Hardcore beer collectors often go for those with big flavor, like barrel-aged stouts and IPAs. These, however, are not the beers of the working class. When people are hot, sweaty, tired and busy, the last thing desired is a strong, thick, high-alcohol beer.
Enter the American adjunct lager, the top-selling style of beer in the nation. Yes, yes, that category includes all those lame beers, but there are others that get a little more affection — especially from chefs. The same beers are perfect for other strenuous activities, like mowing the lawn: hence the term “lawnmower beer.” Characteristics of perfect kitchen beers are low alcohol (therefore more water content), light color and mild flavors.
There are other, more interesting styles just as suitable for the task of keeping a thirsty worker hydrated and happy — and that have higher aspirations to quality.
“Adjunct” in beer-speak means “a supplemental ingredient.” In the case of American adjunct lagers, something else is added during the brewing process, such as grits, corn, unmalted barley or another grain. Sometimes the purpose is to cut costs. Other times, the brewer is trying to achieve a particular flavor or color.
Chef Chris Shepherd of Underbelly was the inspiration for this part of the Buying Beer series. We were at Underbelly discussing the remainder series with Kevin Floyd of The Hay Merchant (who has been instrumental as a subject matter expert), and Shepherd’s eyes lit up. He rapidly rattled off six beers that have an honored role in his kitchen and said, “Why don’t you do a part called ‘What the Chefs Drink”?
We thought it was a great idea and started asking other chefs for their preferred kitchen beers. The list ended up being much longer and more diverse than expected.
This is a beer category where quality and rarity aren’t priorities. Is it cheap? Is it quaffable? Does it come in 12-packs, or at least six-packs? Does it contain alcohol?
“Cold, cheap beer makes for the best kitchen beer,” wrote chef Eddie Kiel. “PBR [Pabst Blue Ribbon], Coors, Modelo, etc. It really doesn’t matter after 10+ hours.”
If the beer comes in a can that can be crushed afterward, that’s just an entertaining bonus.
Another reason for the affection — especially for the classics in this list — is that they're what Dad drank in the garage or what Grandpa drank while watching football on TV. When it comes to food memories — or beer memories — there is no right or wrong.

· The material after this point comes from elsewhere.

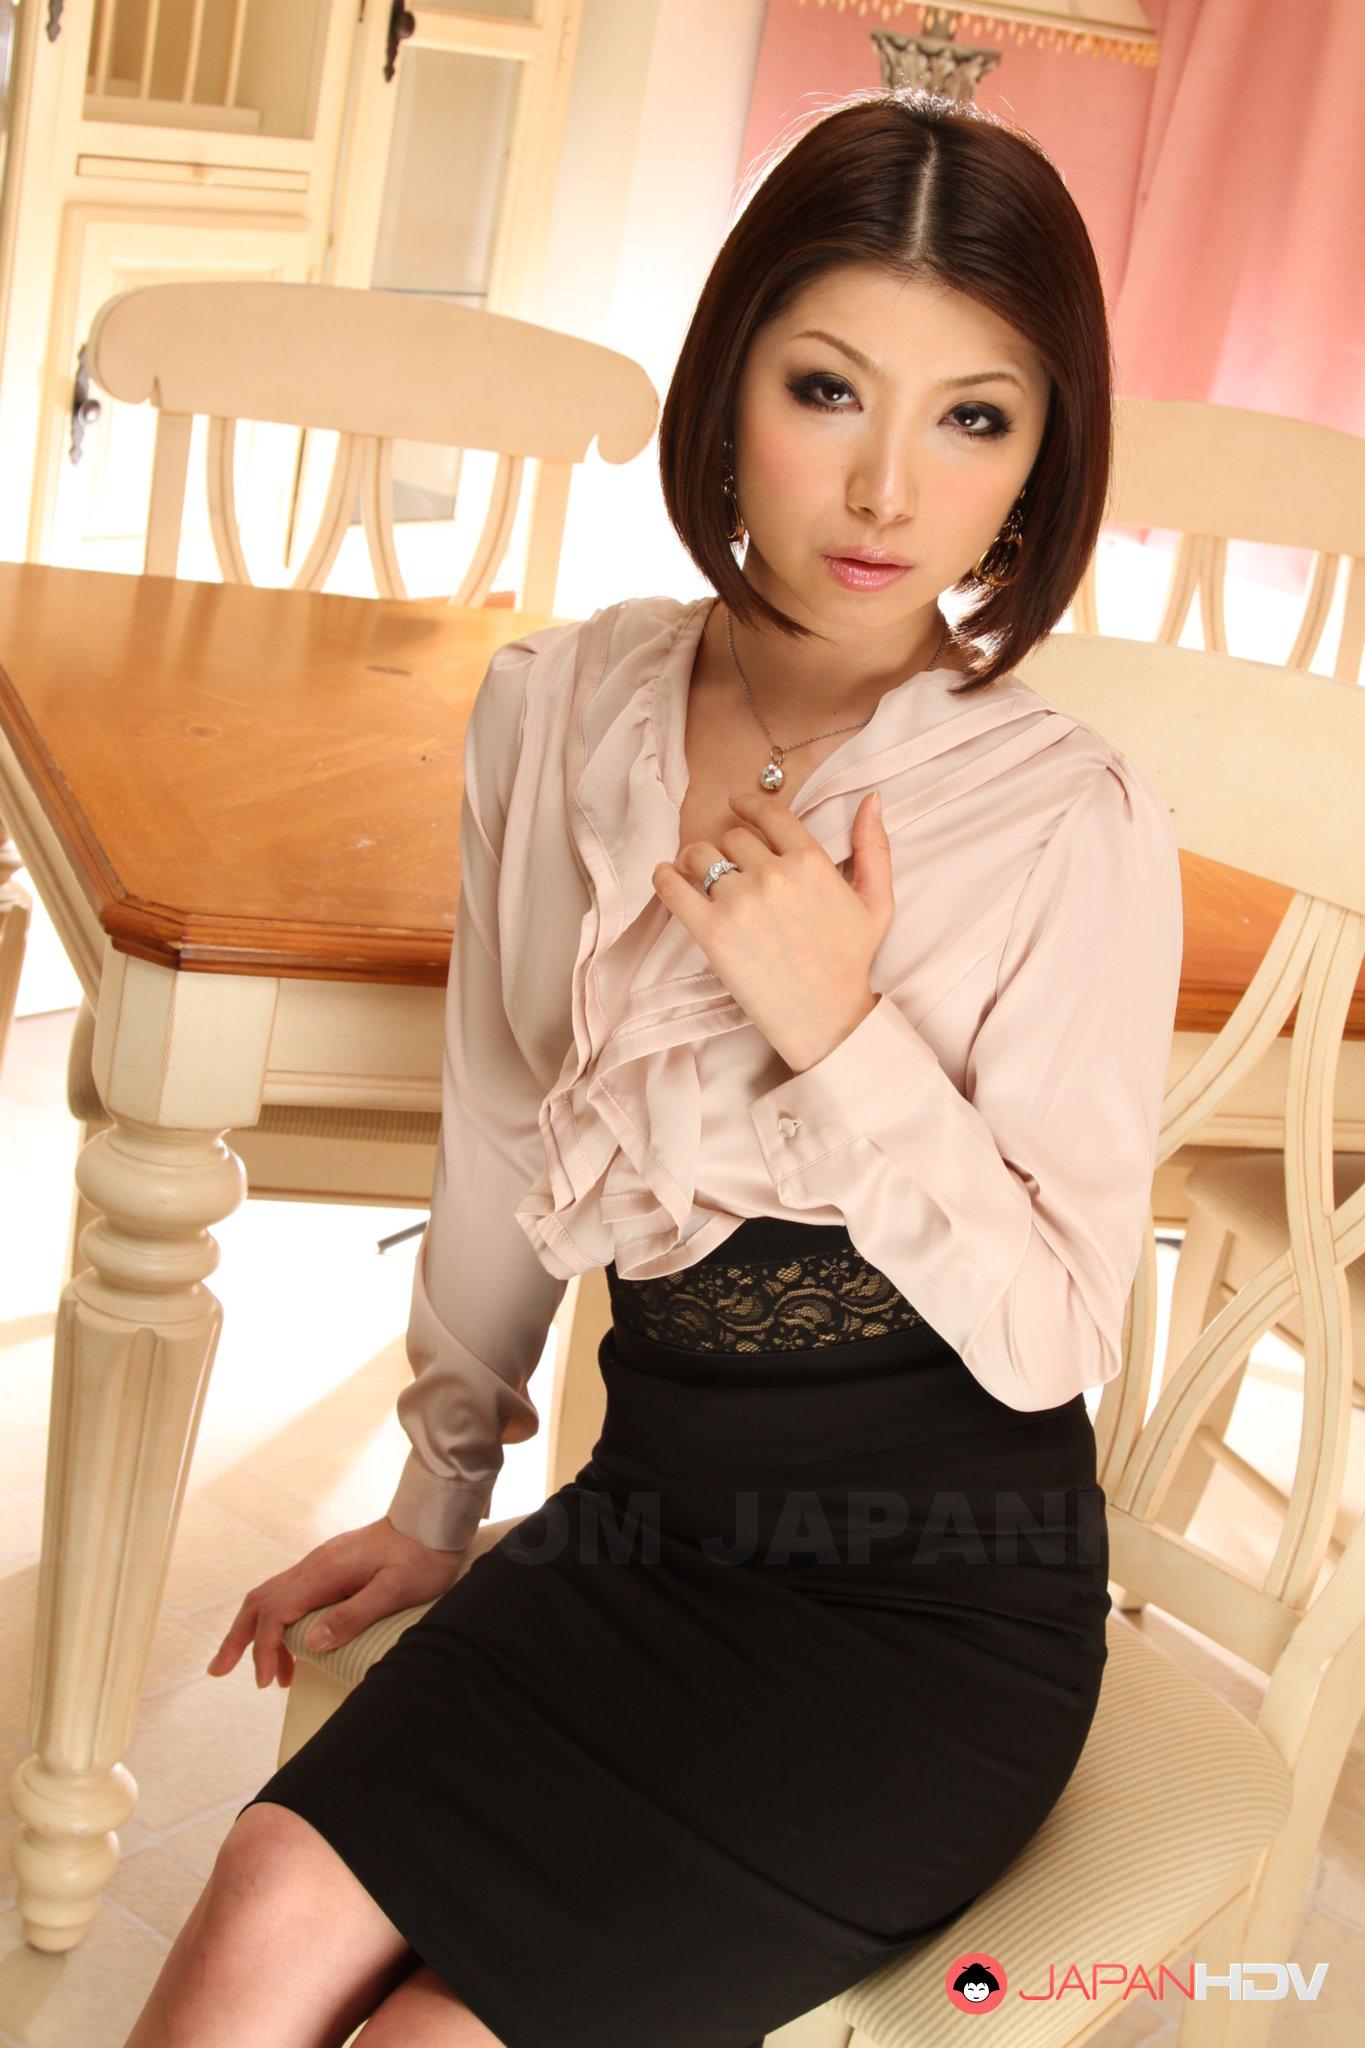 Classy Japanese - This classy Japanese porn lady Tsubaki is hot

Oh, and don’t think that just because some of these beers don’t have a high Beer Advocate rating means that the chefs drinking them have no taste. Some of the very best chefs who make the most complicated dishes dig the simplest beers on the job. For people who have to taste food day in and day out, uncomplicated beers help combat palate fatigue.
Classic Kitchen Beers
Coors Light, Coors Brewing Company, 4.2-percent ABV
This one comes with a rule from head sushi chef Yoshinori Katsuyama at Uchi Houston: “Cans only!” Does anyone actually drink Coors from a bottle, anyway? By the way, “light lagers” are essentially American adjunct lagers lightened with cereal and corn in order to reduce carbohydrates — and therefore calories.

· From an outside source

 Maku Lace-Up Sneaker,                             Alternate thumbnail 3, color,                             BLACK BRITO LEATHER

Lone Star, Pabst Brewing Company, 4.65-percent ABV
There’s a rumor that this beer is “brewed by Russians,” and that's not quite accurate. It’s brewed in Fort Worth by Miller, but the brand is owned by Pabst, which is in turn owned by Russian-born Eugene Kashper. Either way, when it comes to kitchen beers in Houston, this is one of the most ubiquitous. Chef Kris Jakob of forthcoming restaurant Brasserie 1895 in Friendswood says he drinks it “so cold you can taste nothing but carbonated H2O. Also, “It’s cheap,” says chef Roland Soza of Manor House at The Houstonian.
Pabst Blue Ribbon, Pabst Brewing Company, 4.74 percent ABV
Chef David Coffman says kitchen beers are “Lone Star or Pabst Blue ribbon, depending on where you’re from.” Indeed, Pabst seems to be the kitchen beer of choice for the younger crowd who weren’t necessarily raised in Texas.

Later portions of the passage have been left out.